■ **ASSIGNMENT**:
With the images removed, transcribe the listing that follows exactly.

■ **DATA SHOWN**:
---------------
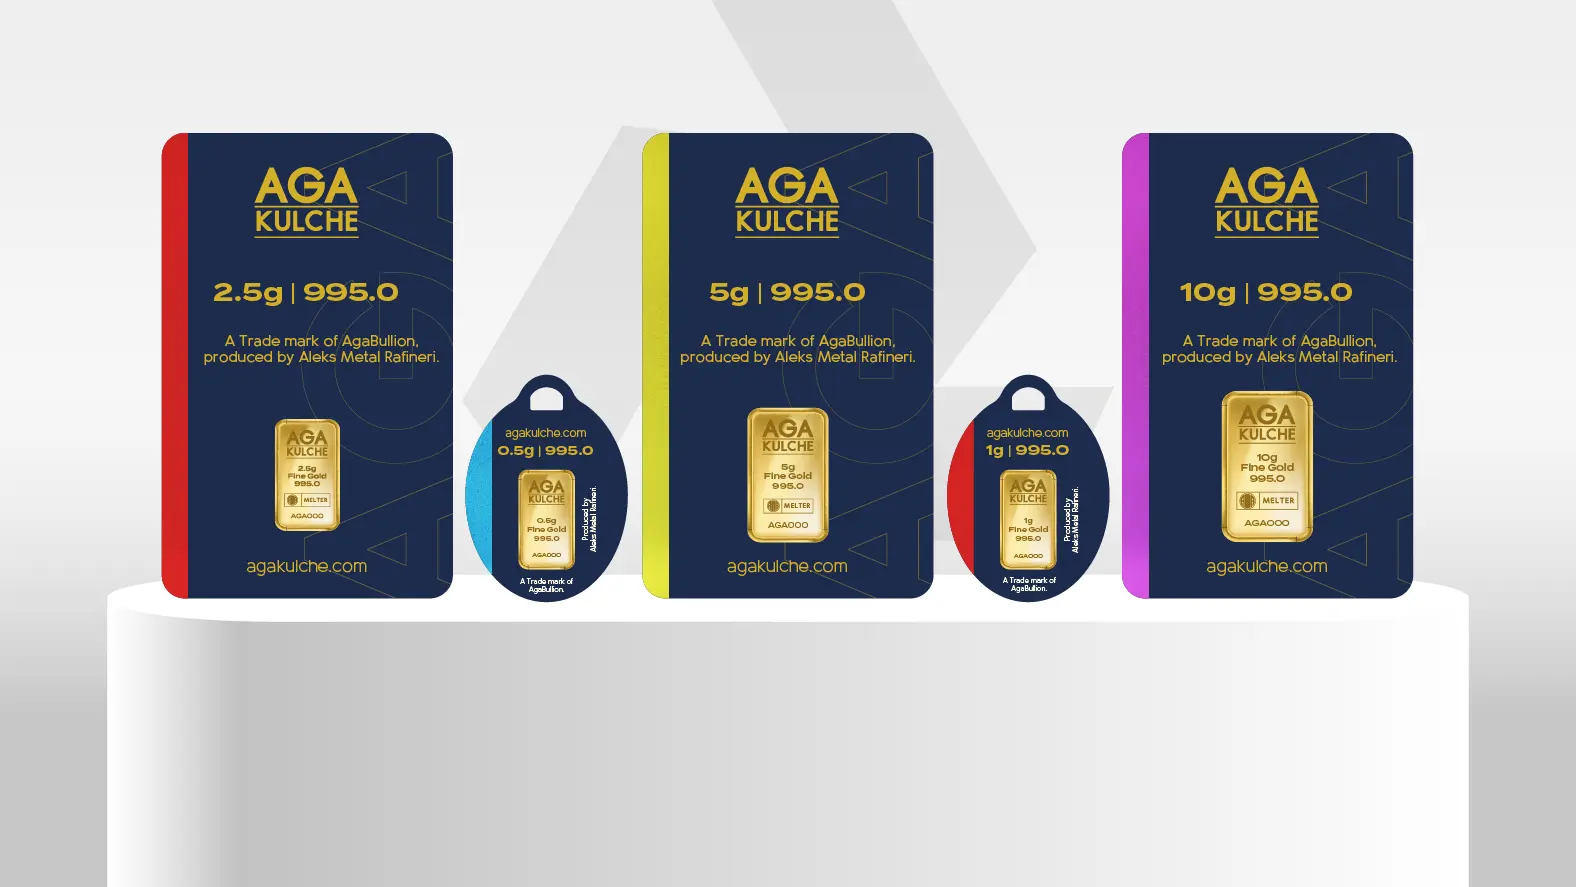 "Ensuring Trust and Quality in Your Online Gold Orders
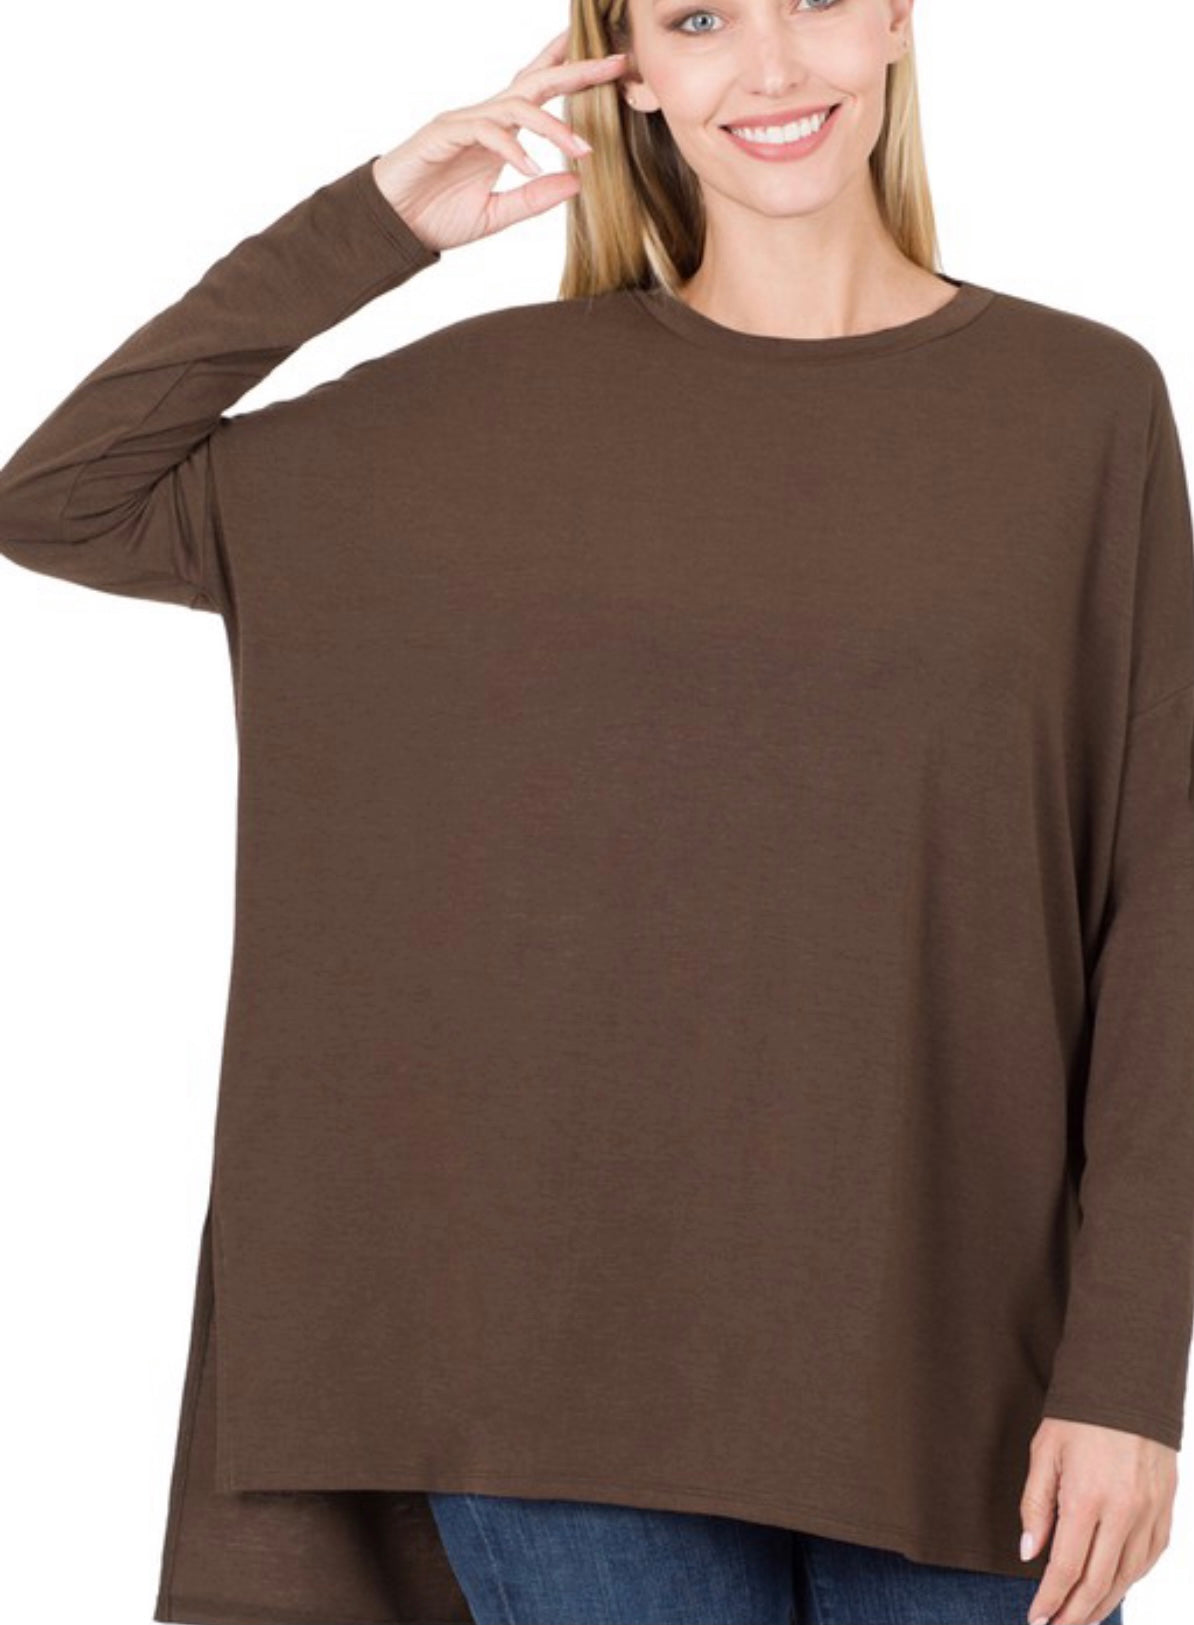 LONG DOLMAN SLEEVE ROUND NECK BOXY FIT TOP WITH SIDE SLITS
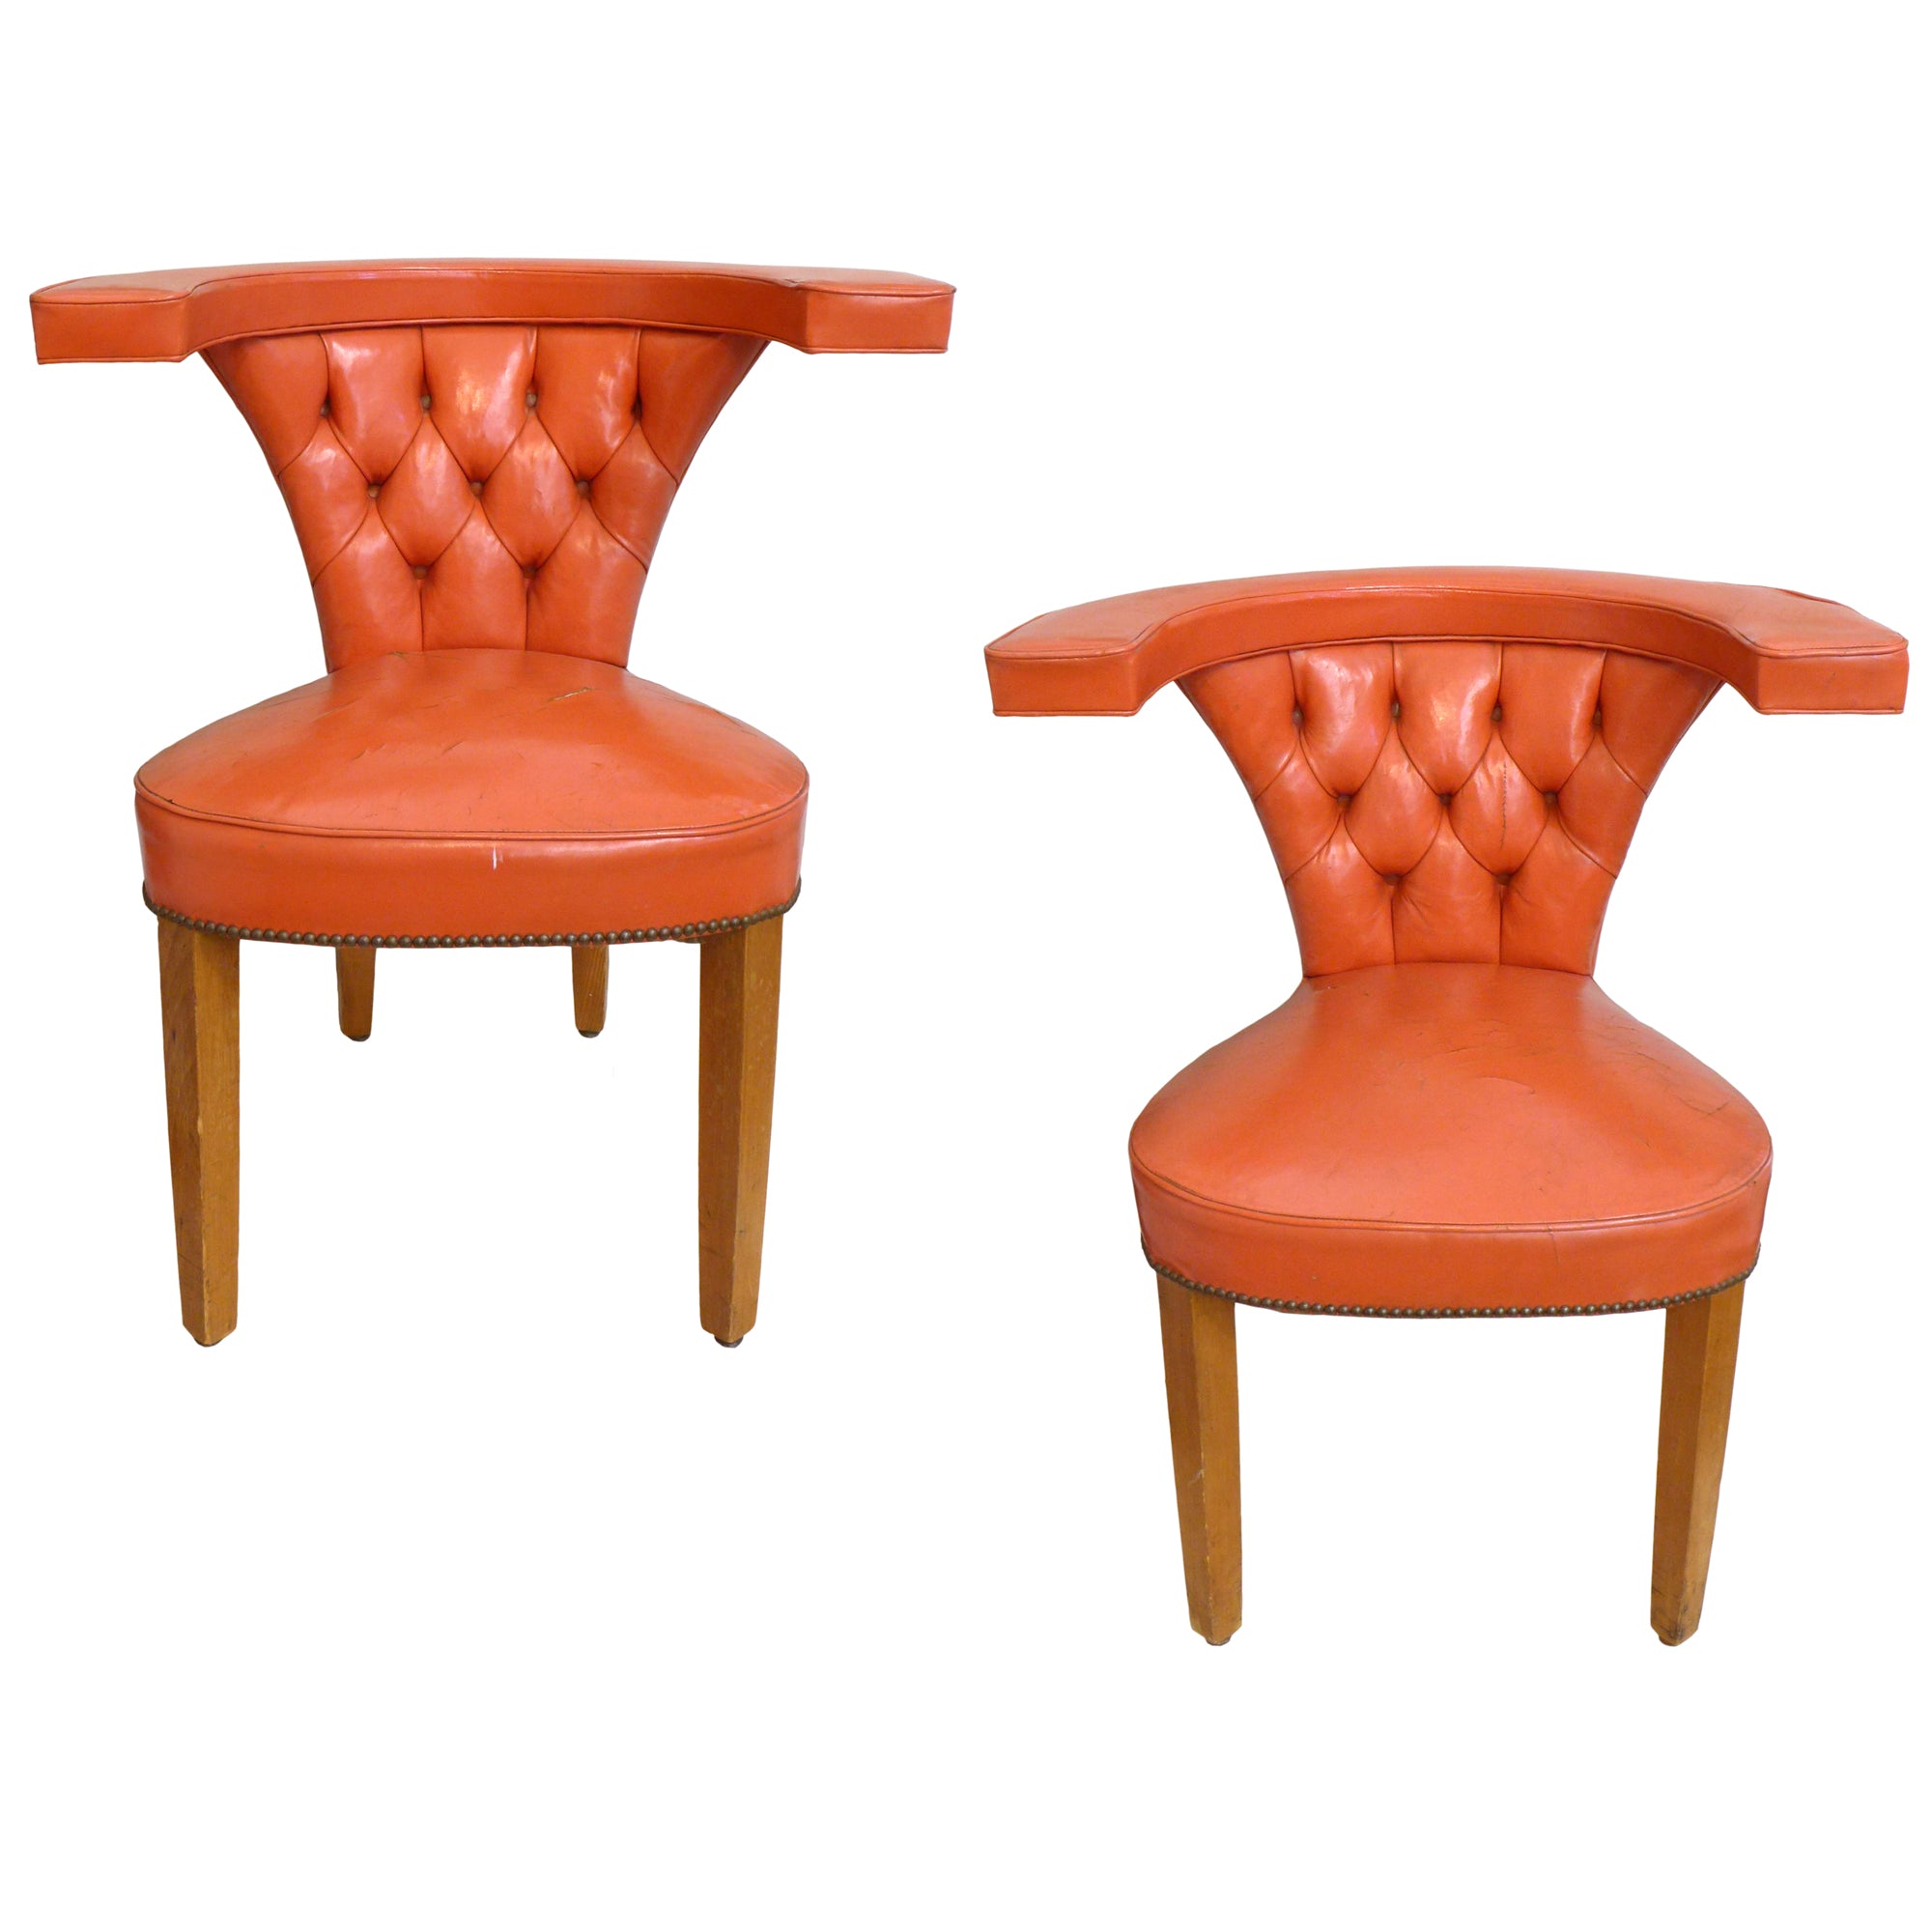 Pair of Tufted Leather Cockfighting Chairs
---------------
■ **SOLUTION TO THE PROBLEM**:
 "Ensuring Trust and Quality in Your Online Gold Orders
 LONG DOLMAN SLEEVE ROUND NECK BOXY FIT TOP WITH SIDE SLITS
 Pair of Tufted Leather Cockfighting Chairs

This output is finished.